I have never much enjoyed internal meetings, whether management, business development, risk management, department, start the week, or whatever. When I was more closely involved in the day-to-day management of my practice they were the bane of my life. It was very refreshing reading Luke Johnson’s take on them in his FT column yesterday,

I am constantly astonished by managers in large organisations who obsessively attend internal meetings. Often these grey affairs have a dozen or more participants, each feeling they must make a contribution to justify their existence. It is my idea of corporate hell. It astonishes me to meet middle-ranking figures who have such bookings stretching not just for months ahead, but perhaps even into next year. What is it that goes on in all these crucial gatherings?

Committees almost by definition are a black hole into which time is sucked. Usually, they are planned months in advance, looming on the horizon on a Monday morning, primed to bore you to death.
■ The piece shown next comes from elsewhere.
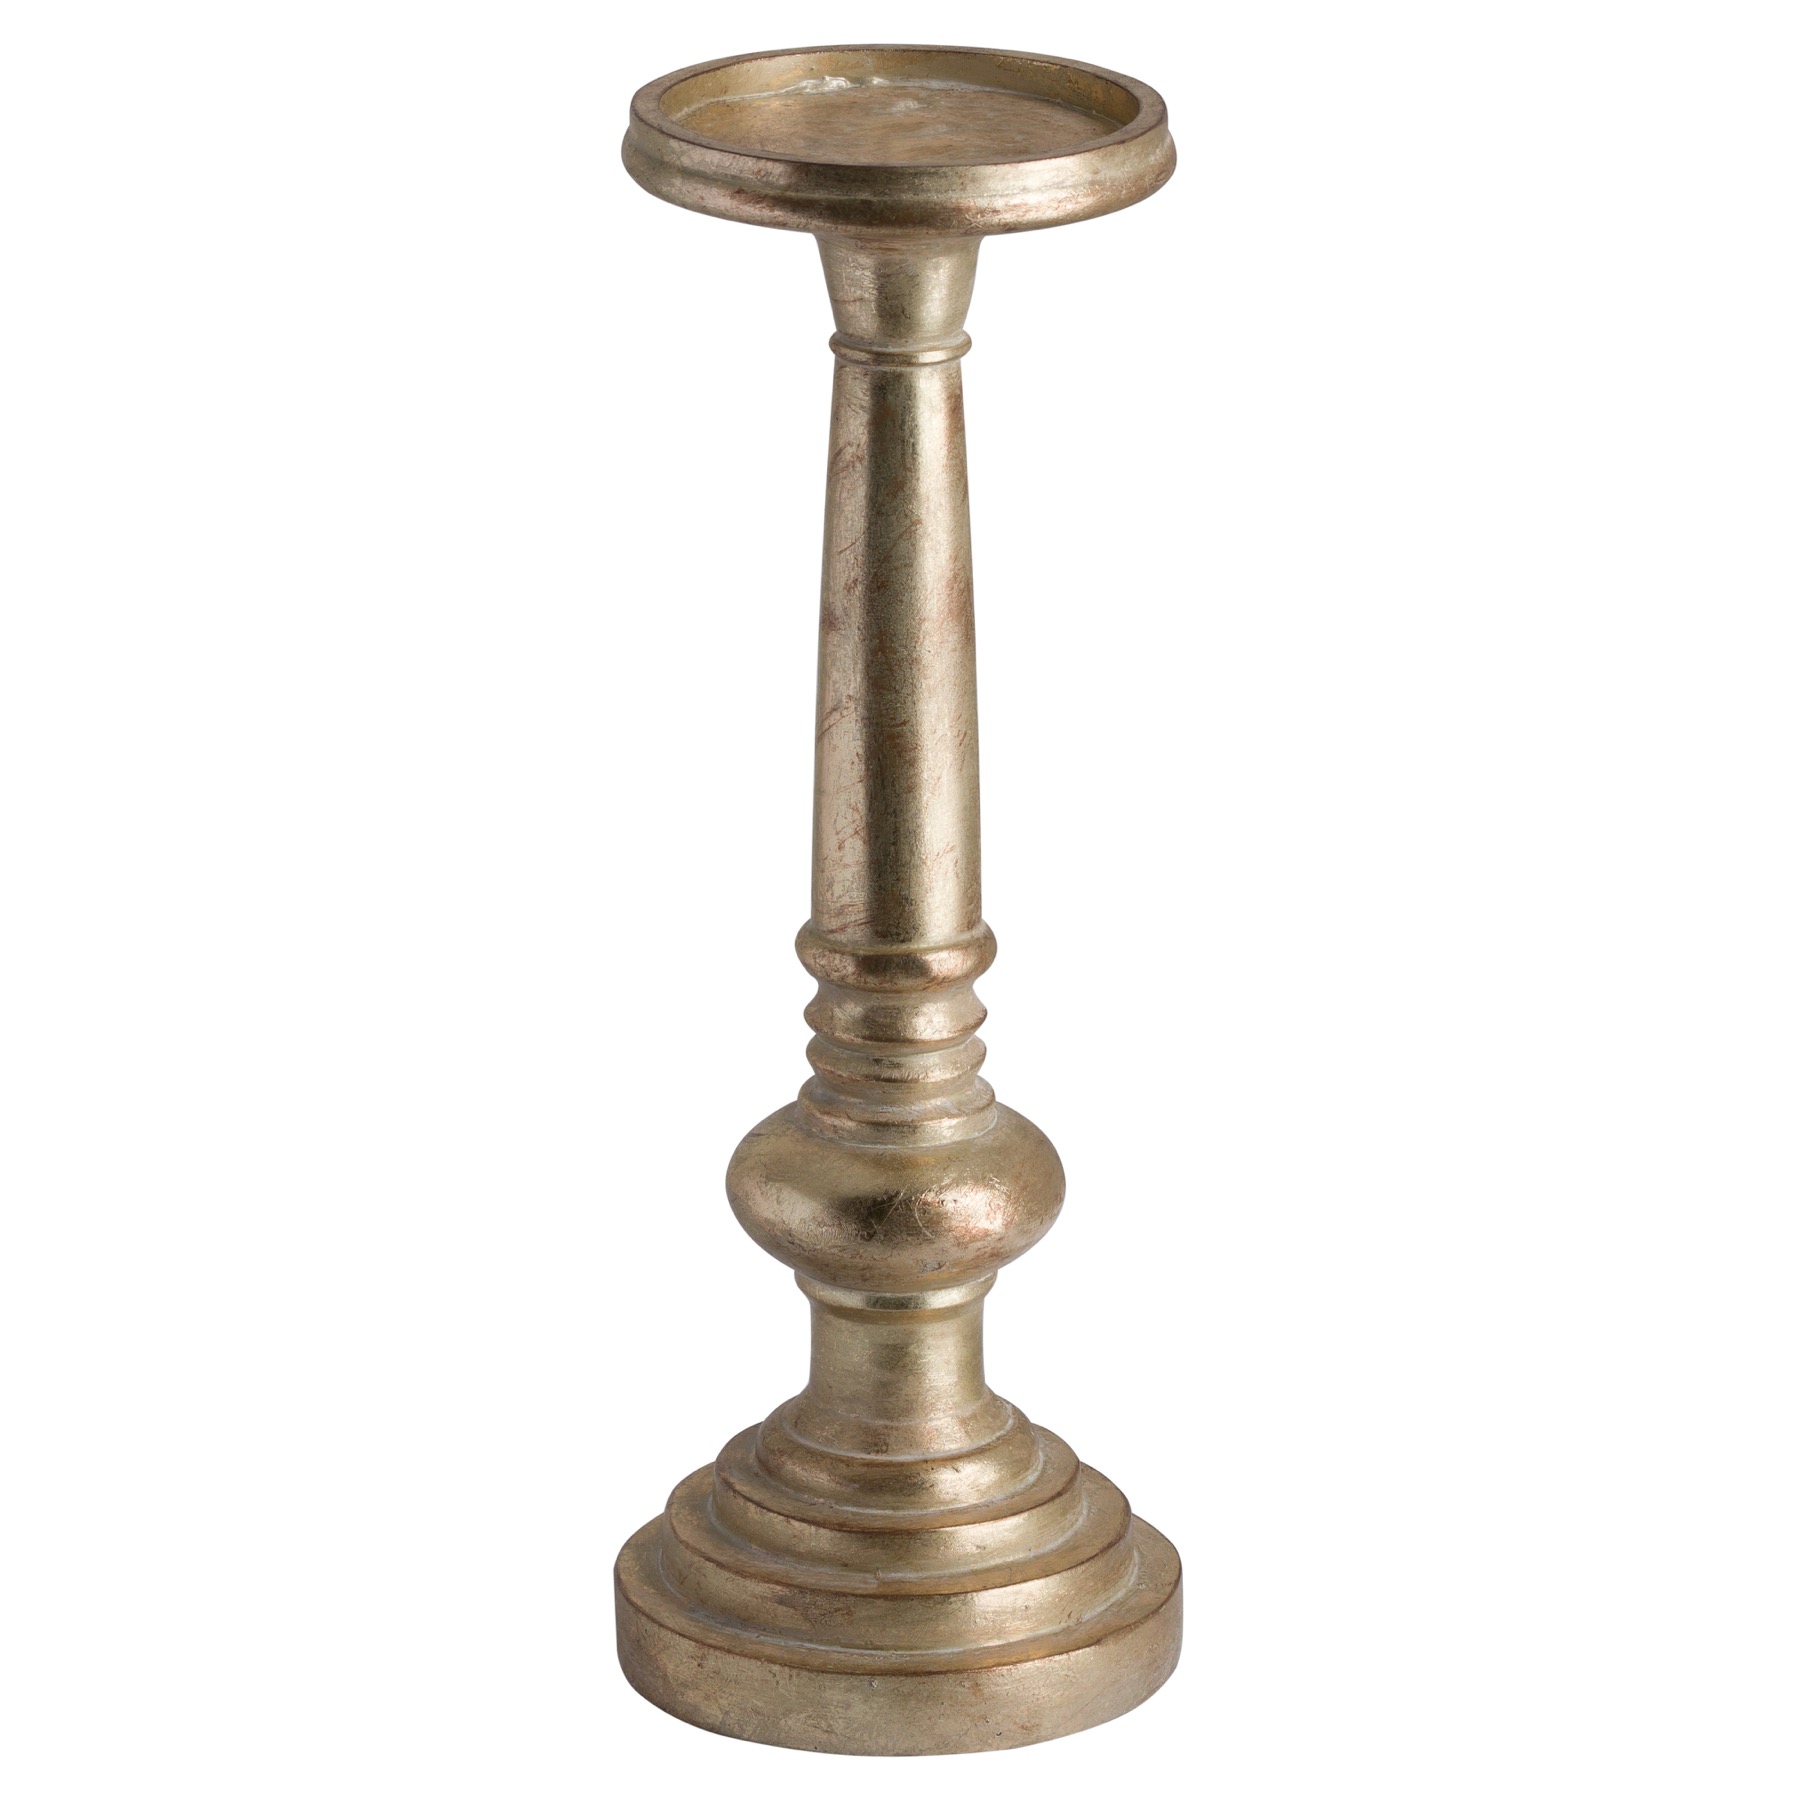 Antique Brass Effect Candle Holder - Image 1
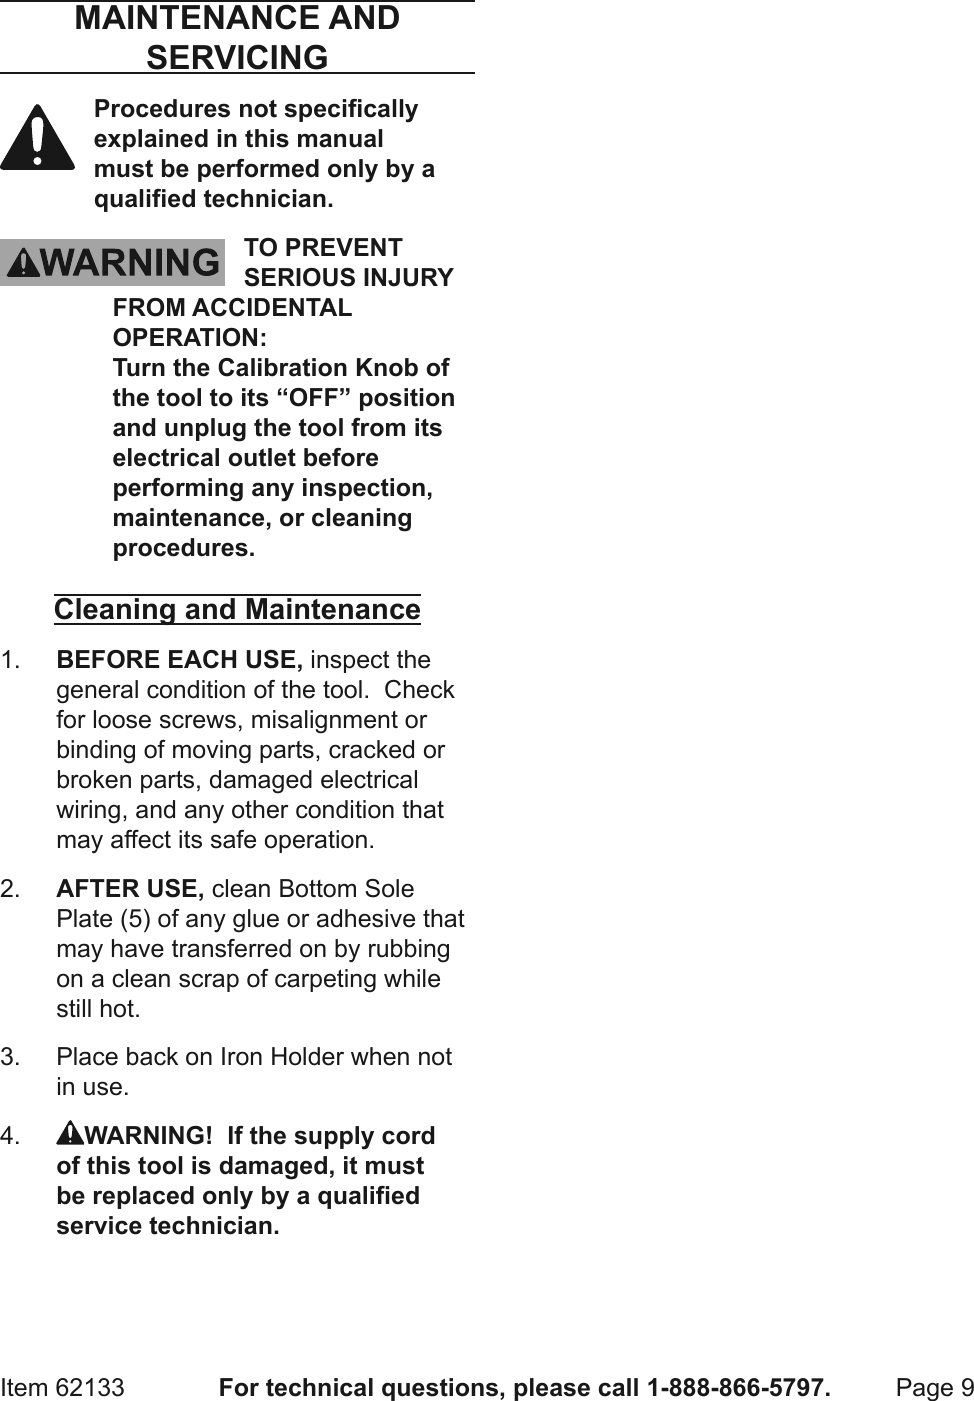 Page 9 of 12 - Harbor-Freight Harbor-Freight-Heat-Bond-Carpet-Seaming-Iron-Product-Manual-  Harbor-freight-heat-bond-carpet-seaming-iron-product-manual

They are dominated by minutes, agendas, protocol and other matters of ultimate tedium. I rather admire those outfits that hold sessions where everyone has to stand up. It gives the event a real sense of urgency, I suspect. In these straitened times, such a stripped-down attitude feels rather appropriate – along with a genuinely flexible attitude to how you spend your day.

Ready and willing to lend? Pull the other one.

Jim Pickard’s post yesterday in Westminster Blog anticipated a speech to the CBI Entrepreneurs Conference by John Hutton,

“The business secretary will tell a CBI audience that business people should not lose their nerve despite the well-publicised difficulties facing lenders and borrowers”, [and that although] he will concede that fears over liquidity have spread from the stock market to “workplaces and homes” around the world, . . . banks remain “ready and willing to lend to small and medium businesses”.

I sometimes wonder whether politicians live in the same world as the rest of us, and what it is they are being told. Banks will undoubtedly continue to lend to good businesses (whatever that they may mean) but the support they offer is, at least at the moment, qualified. In the last quarter I know of three high street clearing banks that have pulled loans to prospective borrowers, causing transactions to fail. For a corrective view see Luke Johnson in today’s FT,

“Many of the main clearing banks appear to be downsizing their loan books and shrinking their balance sheets, although they are pretending the opposite. I have heard of dozens of cases in recent months where lenders have used flimsy excuses to refuse facilities to corporate borrowers – for acquisitions, capital expenditure or fresh undertakings. Fees have risen, spreads have widened, covenants have tightened and demands for added security have risen substantially. Inevitably, Robert Frost’s definition is once again proving correct: “A bank is a place where they lend you an umbrella in fair weather and ask for it back when it begins to rain.”